Stewart noted that even the state had declined to argue that the search was incident to the arrest, since the cases cited by the appellate court could not be taken to authorize a search so distant from the arrest. Instead, it had claimed the hotel clerk's consent was sufficient for the search. But even that, he said, was not enough. Four years earlier, he recalled, in Jones v. United States, the Court had held that "anyone legitimately on the premises" had standing to challenge the search of the property.

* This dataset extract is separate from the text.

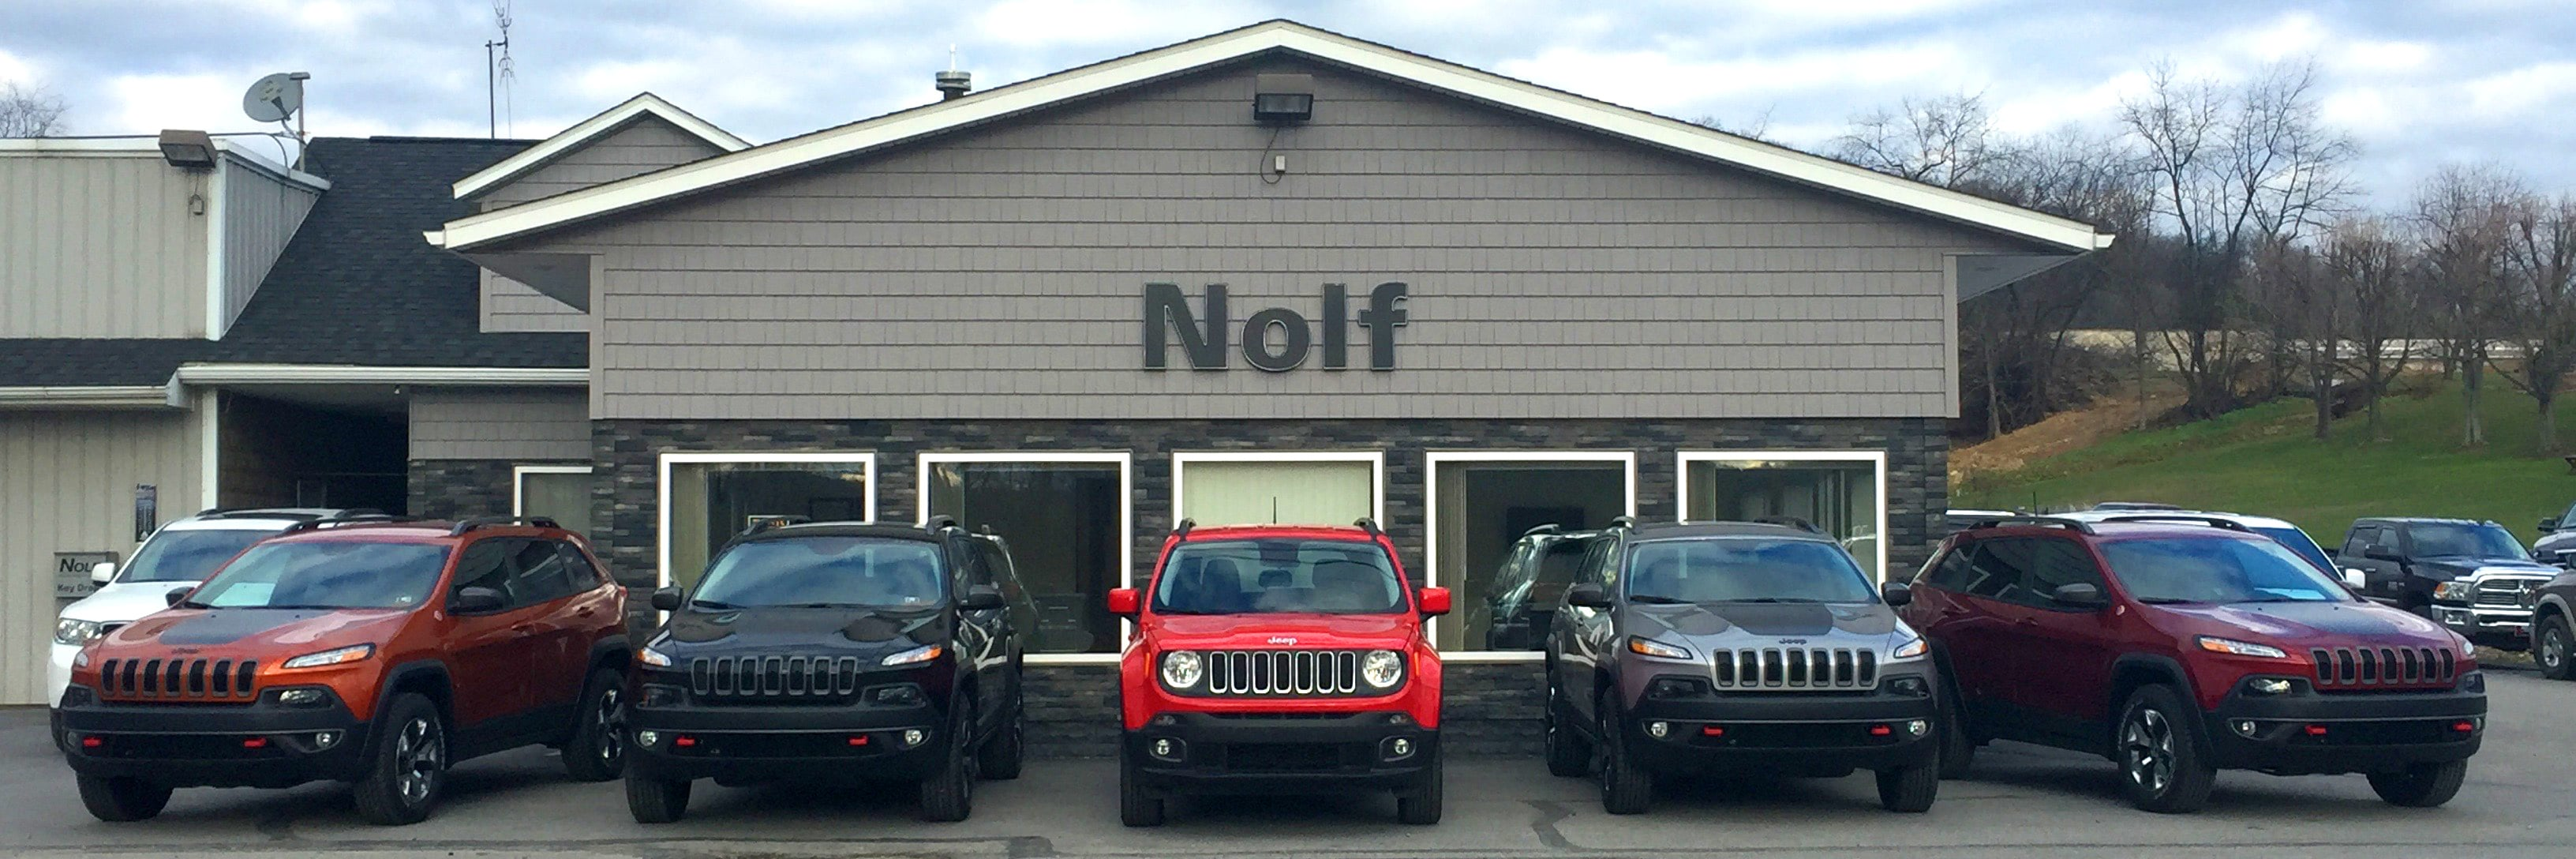 Nolf Chrysler Dodge New Chrysler Dodge Jeep Ram
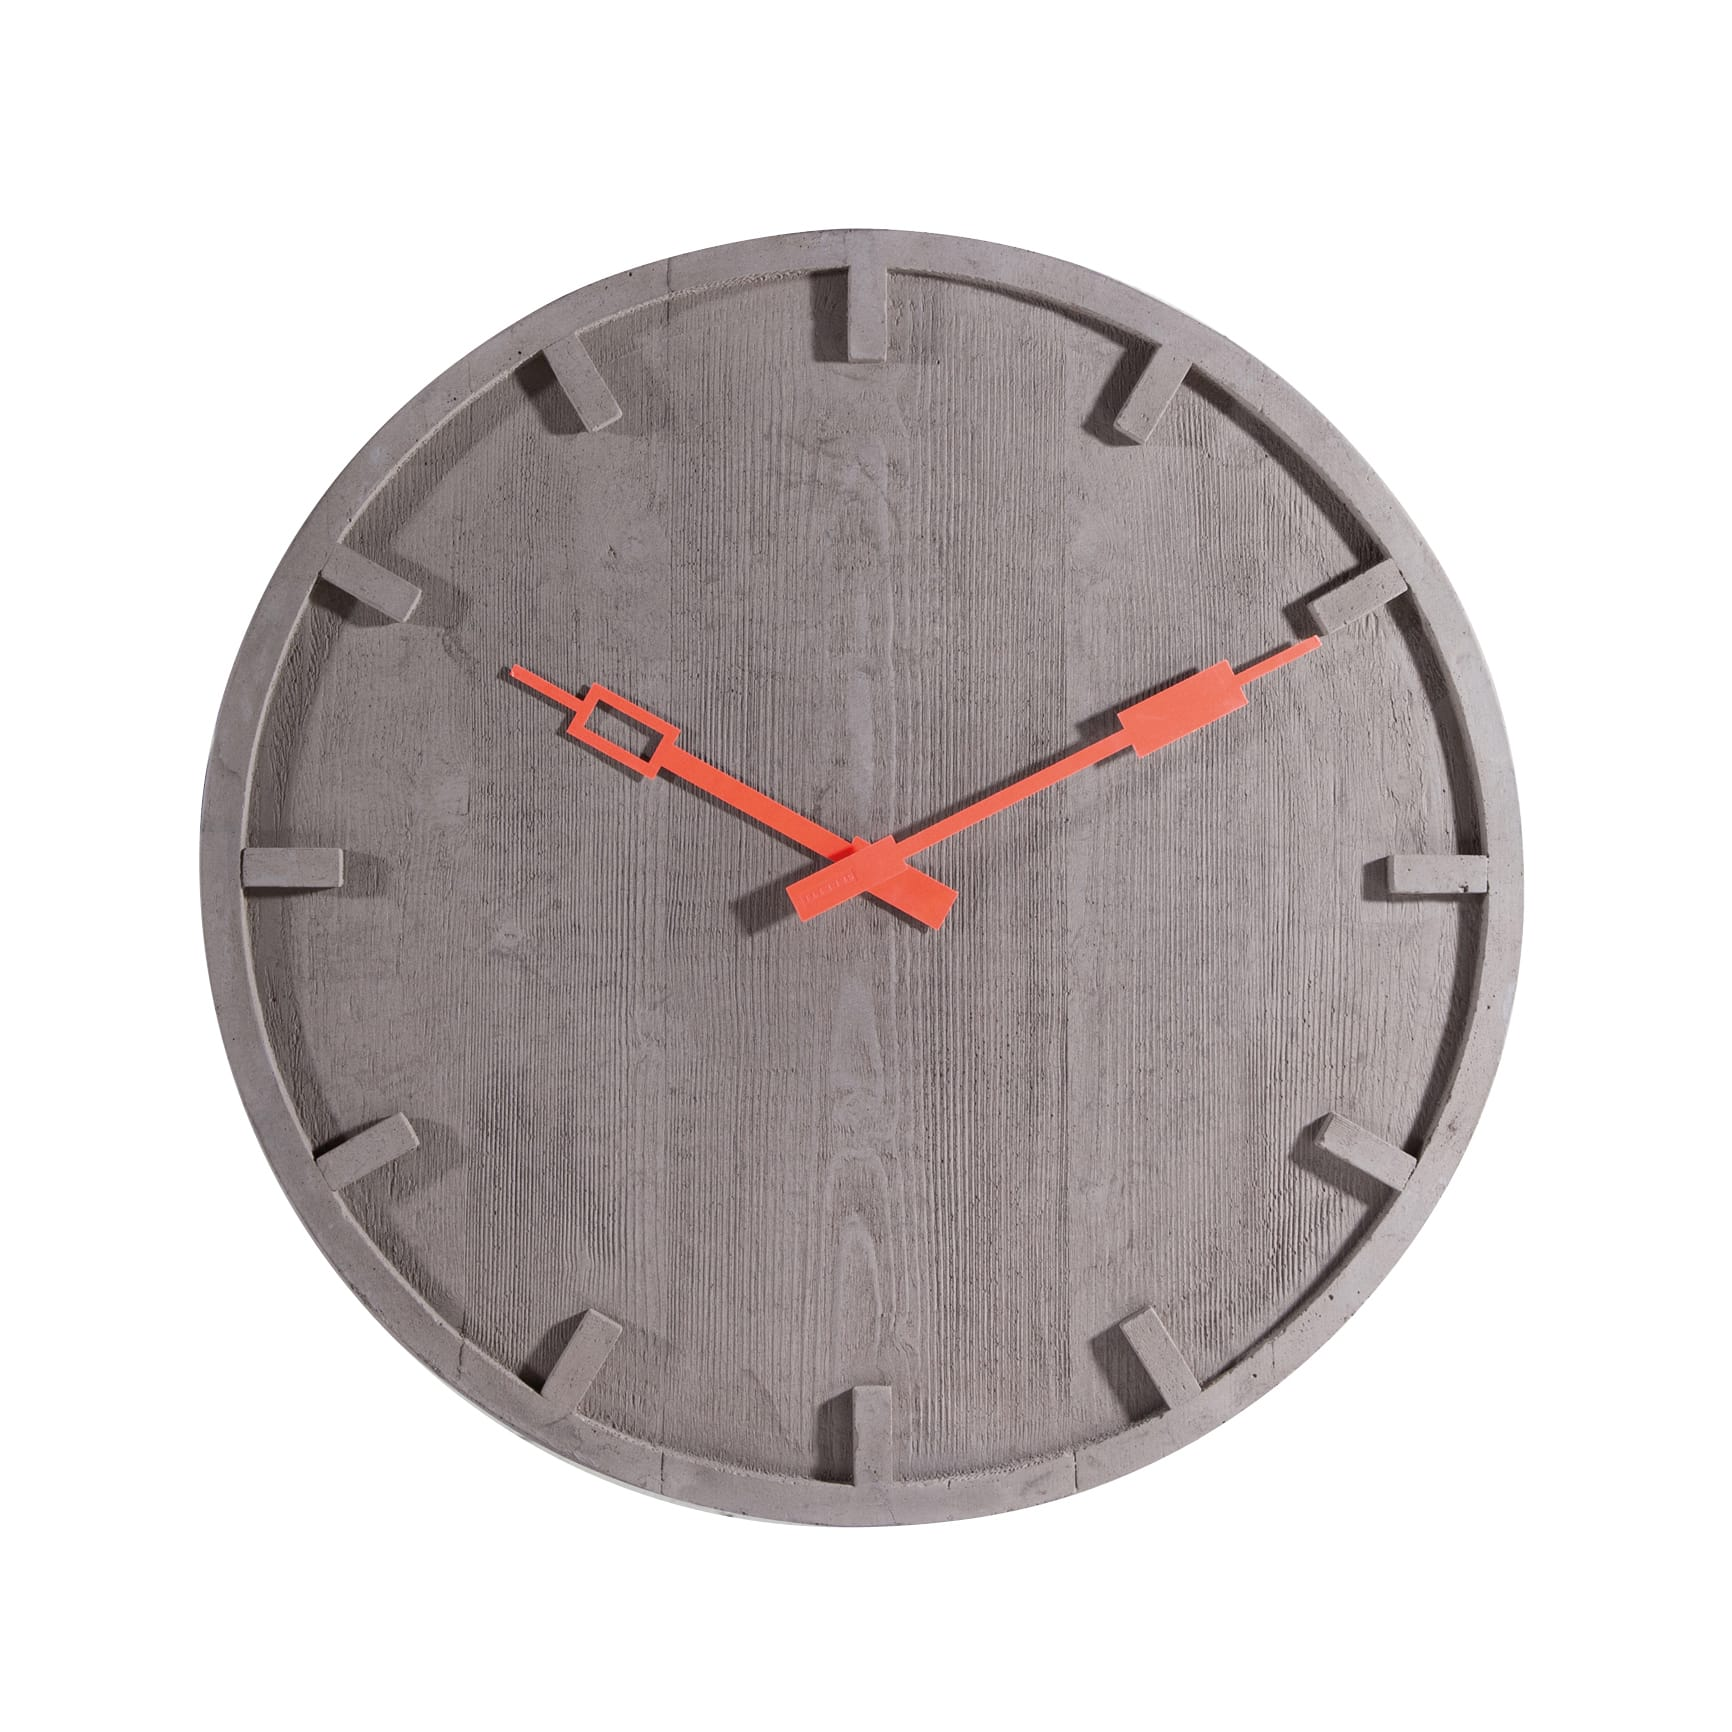 Memento cement clock modern intentions shop modern clocks memento cement clock designed by alessandro zambelli seletti amipublicfo Image collections

"Our decisions make clear that the rights protected by the Fourth Amendment are not to be eroded by strained applications of the law of agency or by unrealistic doctrines of 'apparent authority,'" Stewart wrote. "[I]t was the petitioner's constitutional right which was at stake here, and not the night clerk's nor the hotel's. It was a right, therefore, which only the petitioner could waive by word or deed, either directly or through an agent." The Court had previously held it unlawful for a hotel manager or an assistant to permit a search.

Stewart allowed that it was true that hotel guest could not completely isolate themselves from intrusion. It was implicit in a hotel stay that management, cleaning staff and maintenance could enter the room without a guest's permission in order to fulfill their job duties. But that privilege was limited to that purpose, and "the conduct of the night clerk and the police in the police in the present case was of an entirely different order." He did not see the case as being substantially different from Chapman v. United States, another recent Fourth Amendment case in which the Court had held that landlords' permission did not allow police to search rented premises. Similarly, McDonald v. United States had extended constitutional protection to tenants in boardinghouses.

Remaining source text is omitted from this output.